Leira frunció el ceño. Artefactos que elegían a sus dueños, grietas que liberaban horrores, y un patrón que aún no podían descifrar.
—Prioricen el rastreo de los portadores. Si no podemos tomar los artefactos, hablaremos con ellos. Pero que quede claro: nadie debe saber que existimos.
Se giró hacia el holograma del mapa mundial. Las grietas pulsaban débilmente, como si fueran heridas abiertas en el tejido del mundo.
—Algo se está acercando —susurró, más para sí misma que para los demás—. Y no estamos listos.
Mientras tanto, en Arkbridge
Dante estaba encerrado en su habitación, con las luces apagadas y las cortinas corridas. Solo la tenue luz de la pulsera en su muñeca iluminaba el espacio, proyectando sombras inquietantes en las paredes.
Habían pasado horas desde el ataque, pero su mente no podía borrar la imagen de la criatura. Sus ojos oscuros, su piel retorcida, y esa energía corrupta que parecía devorar todo a su alrededor.
Sentado en el borde de su cama, Dante levantó la mano para observar la pulsera.

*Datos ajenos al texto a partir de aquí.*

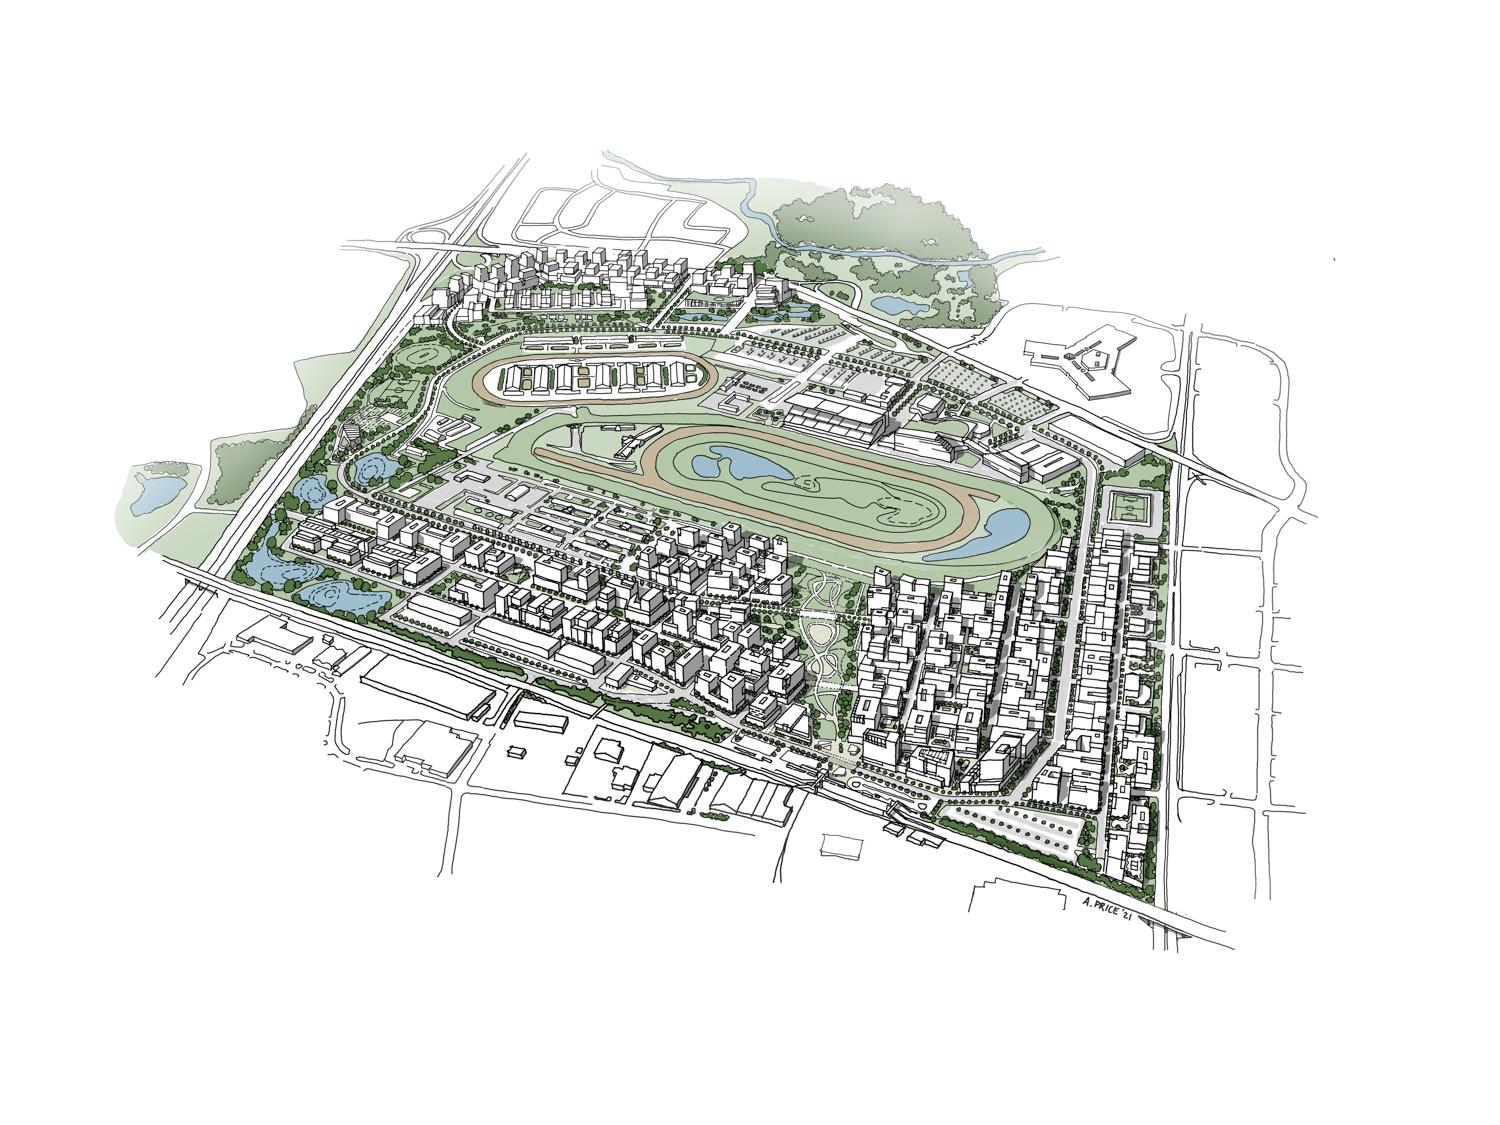 site plan aerial sketch of Woodbine master plan

La joya parecía viva, como si respirara con un pulso propio. El colgante en su cuello y el anillo en su dedo también brillaban débilmente, en perfecta sincronía. Había intentado quitárselos varias veces, pero cada intento resultaba inútil: una fuerza invisible se lo impedía. Era como si los artefactos se hubieran fusionado con él.
—¿Por qué a mí? —susurró, pasando una mano por su cabello despeinado.
La pulsera parpadeó, y de repente, una voz profunda y calmada resonó en su mente.
—Porque has sido elegido, portador. El destino no se equivoca.
Dante cayó hacia atrás, golpeando la pared. Miró la pulsera con ojos desorbitados.
—¿Quién eres? ¿Qué es esto?
—Soy el Tomus Magna, guardián de conocimientos antiguos. Estoy aquí para ayudarte a comprender tu propósito.
Dante sacudió la cabeza, como si quisiera despejarla de la voz.
—Esto es una locura. Yo no soy nadie. Solo soy un estudiante.
—Nadie comienza siendo alguien, Dante. Pero el momento ha llegado. Las grietas que has visto son solo el principio. Este mundo está en peligro, y tú tienes un papel que jugar.
—¿Un papel? ¿En qué?
La voz guardó silencio, pero el anillo en su mano comenzó a brillar, seguido por el colgante en su cuello. La habitación se llenó de un suave resplandor, y Dante sintió una oleada de energía recorrer su cuerpo.
Antes de que pudiera procesarlo, su teléfono vibró sobre la mesa. Lo tomó con manos temblorosas y vio un mensaje de un número desconocido:
"Sabemos lo que tienes. Ven al café en Bowen Street. No estás solo."
El mensaje lo dejó helado. ¿Cómo sabían? ¿Quiénes eran? Su instinto le gritaba que no fuera, pero algo más, una curiosidad inquietante, lo impulsaba a descubrir la verdad.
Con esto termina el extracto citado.